Monday, December 30, 2019

Suite Nocturne - Patrick Modiano (French)
What helped make Such Fine Boys successful, I see now, is that it was made up of self-contained stories about different people. This novella (it’s barely over hundred pages) has one first person narrator, and though individual scenes are comprehensible, the plot holding it all together isn’t. It seems to be a metaphysical mystery in which a man in his sixties is on a search – one that takes place entirely in his memories – for a foundation to his existence, and he was “relying on the sea-green Fiat and its driver to help me discover it.” In the opening scene he’s twenty and is hit by the Fiat when crossing a Paris street. He’s brought to a hospital, but his injuries aren’t serious. Much of rest of the book involves the young man’s efforts to find the woman who was driving the car. It seems that he knows her, in some vague way. The word “seems” has already appeared twice in this review; not a good sign. I don’t like to be immersed in a nebulous world, especially when no clear answers ever emerge. The novel ends with the narrator finding the woman, and they’re immediately (and mysteriously) on familiar terms. She invites him to the apartment where she’s staying. The last paragraph has them together in an elevator; Modiano writes: “Her hand was resting on my shoulder and she whispered something in my ear.” What she whispers is never divulged (why not?). The predominant thought I was left with was “What’s been going on?” As is the case in Boys, one thing going on is parental neglect, and this time it reaches extreme proportions (no mother, a silent specter of a father, a feeling of having “come from nothing”). Are we on shifting sands for all our lives without a loving family to ground us? If Modiano is making that dubious point, he does so in such a roundabout way that it loses force. I closed my review of Boys with the stated intention of reading more by this author. Now – unless I’m assured that the work is more accessible – I think I’m done.

An Unmarried Man - Darryl Ponicsan
I liked the movies “The Last Detail” and “Cinderella Liberty” – they had their hearts in the right place and rang true. Darryl Ponicsan was the author of the novels both films were based on, so I got this book. For a while there were things that kept me engaged: the vindictive wife and the lawyers were good, as were the financial details of a marital break-up. But this is the husband’s story, and though I was meant to feel empathy for Ben’s loneliness and despair, I couldn’t. His responses to situations were unrealistically over-the-top, making him seem like a dope, and I was bothered by his crudity. Still, the workmanlike writing carried me along for what I hoped would be a mild diversion. Then, quite suddenly, near the midway point, a plot contrivance caused it to fall apart. A woman moves into an apartment adjoining Ben’s; she’s the most beautiful woman he had ever seen, one who, he thinks, kings would desire. She’s intelligent, has a sense of humor, is compassionate and morally upstanding. She’s also, for reasons inexplicable to me, ready to go to bed with Ben after one brief meeting. What follows are sex scenes depicted in ugh-inducing detail. When Mr. Ponicsan launched into a description of cunnilingus I had quite enough of him. And so yet another book bites the dust. And all I want is to be entertained.

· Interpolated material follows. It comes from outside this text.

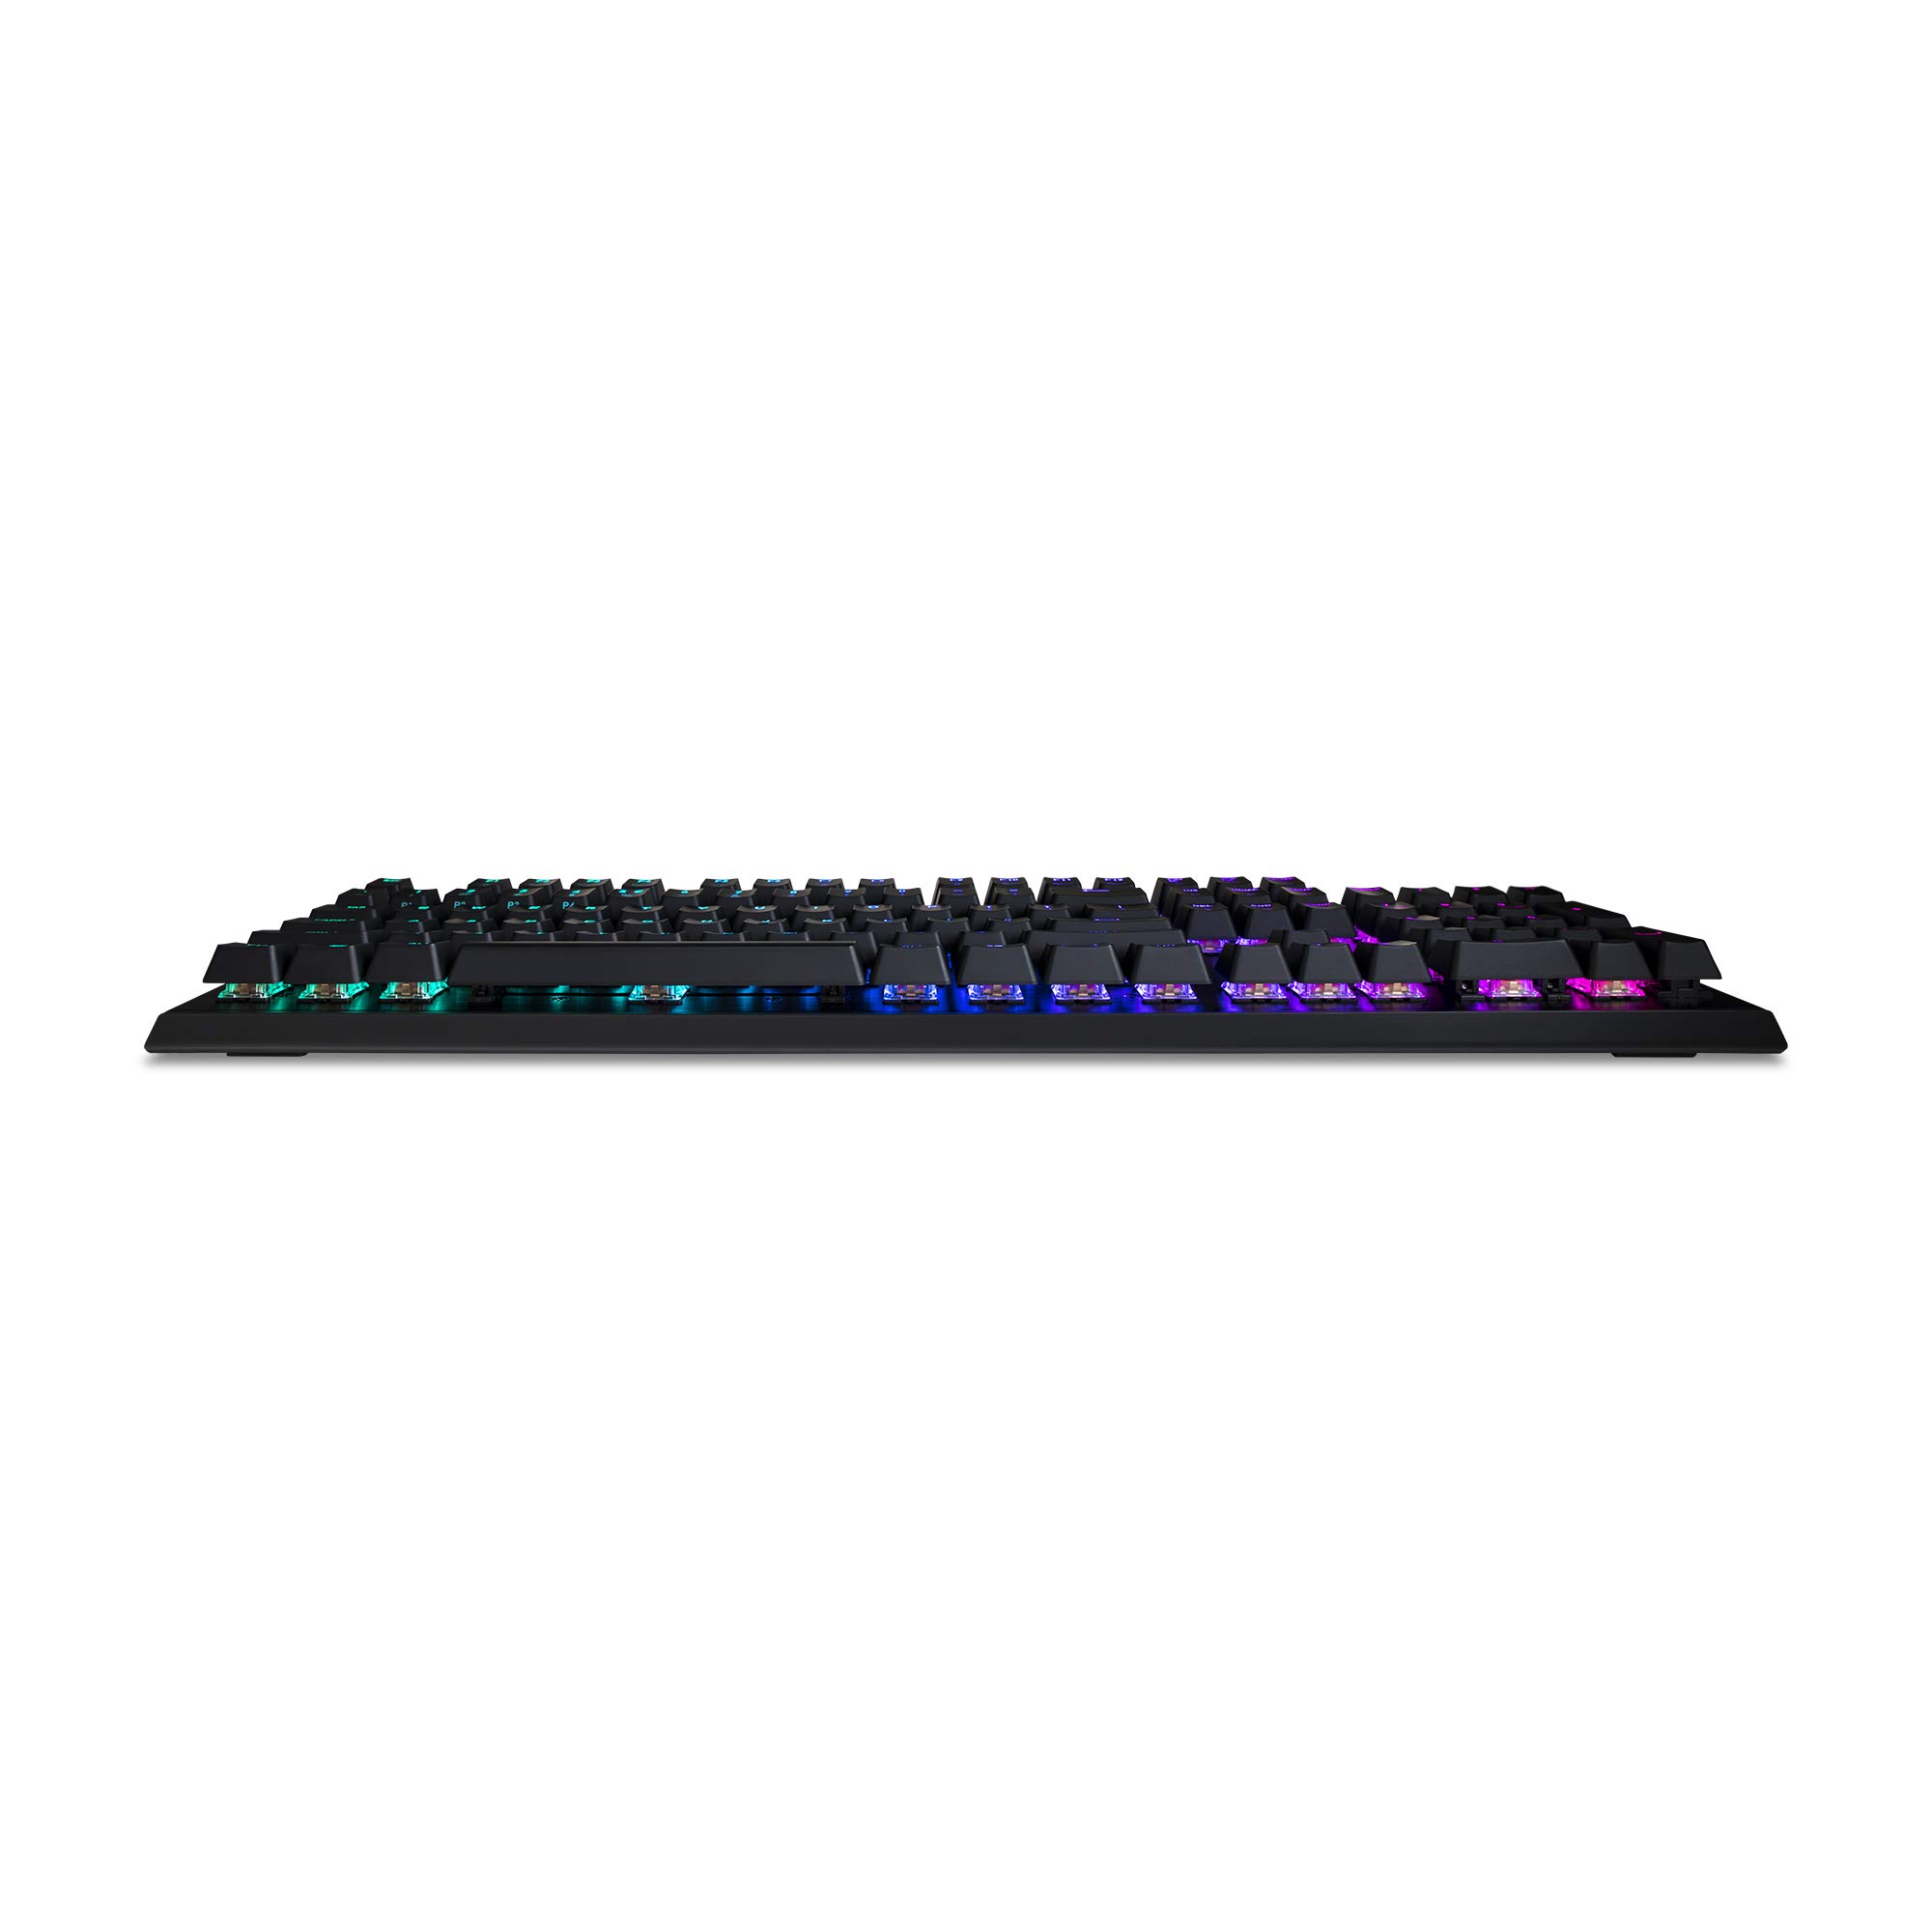 Cooler Master CK552 Full Mechanical Gaming PC Keyboard Gateron Linear Red, Switches, Customizable RGB Illumination, On-The-Fly Controls, Aluminum Top Plate, QWERTY (CK-552-KKGR1-US)

Identity - Milan Kundera (French)
In looking over my four previous reviews of books by Kundera, I came across the same conclusion reiterated in slightly different words: “Kundera is a cerebral writer, more a moral philosopher than a novelist. Plot is subservient to his intellectual pursuits, and though we’re constantly in the minds of his characters, they function mainly to convey his ideas.” Of those five novels I thought only one fully succeeded – Life Is Elsewhere, which came out in 1969, when the author was forty years old. At the end of Identity the reader is informed that it was “Completed in France, in Autumn 1996” (when authors gain Kundera’s eminence they often record such momentous events for posterity). This novel gets a ditto to my quote above. The two people whose thoughts are being dissected are Chantal and Jean-Marc. Chantal is receiving anonymous letters, and I found her reactions to them interesting. But this plot premise is interrupted by much expounding (mostly by cynical men) on a variety of philosophical topics. So a question arises: Kundera may be intelligent, but is he a novelist? The ending of Identity provides an answer. Somehow Chantal winds up naked at an orgy. How she got there isn’t clear (the last look we had of her she was fully clothed in a phone booth at a London train station). At any rate, she’s terrified, running about a strange house, trying to escape. There are many exclamation marks (!) to emphasize her state of mind. Then the next chapter begins with Jean-Marc clasping her shuddering body: “Chantal! Chantal! Chantal! Wake up! It’s not real!” Yes, folks, Chantal was dreaming. At this point, one page before the end, the author arrives on the scene: “And I ask myself, who was dreaming? Who dreamed this story?” Kundera goes on at length in this mode, closing with: “At what exact moment did the real turn into the unreal, reality into reverie? Where was the border? Where is the border?” Well, Milan, I’m not smart enough to answer those deep questions. But I am smart enough to recognize a really dumb ending when I read it. And I can also do simple math: you were seventy-eight when you completed this book (in France). Maybe it’s time to give up writing fiction and direct your intellectual energies elsewhere.